>>>

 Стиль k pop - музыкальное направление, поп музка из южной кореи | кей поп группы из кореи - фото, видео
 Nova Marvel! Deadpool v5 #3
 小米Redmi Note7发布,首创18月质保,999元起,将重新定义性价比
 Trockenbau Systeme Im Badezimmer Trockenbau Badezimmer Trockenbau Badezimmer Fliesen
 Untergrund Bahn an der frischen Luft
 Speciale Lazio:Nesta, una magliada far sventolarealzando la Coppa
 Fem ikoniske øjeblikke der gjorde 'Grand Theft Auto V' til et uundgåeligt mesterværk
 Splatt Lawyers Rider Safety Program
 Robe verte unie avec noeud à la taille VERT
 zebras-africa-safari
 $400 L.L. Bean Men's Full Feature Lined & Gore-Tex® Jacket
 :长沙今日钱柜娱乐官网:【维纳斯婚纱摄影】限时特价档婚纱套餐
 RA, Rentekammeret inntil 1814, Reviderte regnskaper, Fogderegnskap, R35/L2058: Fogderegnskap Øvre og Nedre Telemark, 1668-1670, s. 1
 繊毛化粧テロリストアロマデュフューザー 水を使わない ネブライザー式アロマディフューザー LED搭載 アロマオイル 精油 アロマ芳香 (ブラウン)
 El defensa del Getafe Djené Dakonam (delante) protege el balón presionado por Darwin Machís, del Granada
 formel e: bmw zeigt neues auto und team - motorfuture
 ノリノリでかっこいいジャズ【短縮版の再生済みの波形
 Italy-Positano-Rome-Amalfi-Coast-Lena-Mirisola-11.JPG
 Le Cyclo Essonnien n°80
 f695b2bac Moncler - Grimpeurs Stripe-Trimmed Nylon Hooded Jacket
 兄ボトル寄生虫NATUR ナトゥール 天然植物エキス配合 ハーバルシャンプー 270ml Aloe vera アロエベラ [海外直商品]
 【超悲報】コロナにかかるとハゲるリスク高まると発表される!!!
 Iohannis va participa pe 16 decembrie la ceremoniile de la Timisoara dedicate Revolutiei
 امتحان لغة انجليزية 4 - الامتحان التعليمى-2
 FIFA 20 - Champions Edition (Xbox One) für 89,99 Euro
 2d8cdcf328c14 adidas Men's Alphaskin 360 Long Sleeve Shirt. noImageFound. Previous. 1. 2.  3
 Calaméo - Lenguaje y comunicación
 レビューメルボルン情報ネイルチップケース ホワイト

<<<

> _What the exercise asks_: If a line in the listing has "Jacket" in it, report that line.

> _Exercise solution_:
 $400 L.L. Bean Men's Full Feature Lined & Gore-Tex® Jacket
 f695b2bac Moncler - Grimpeurs Stripe-Trimmed Nylon Hooded Jacket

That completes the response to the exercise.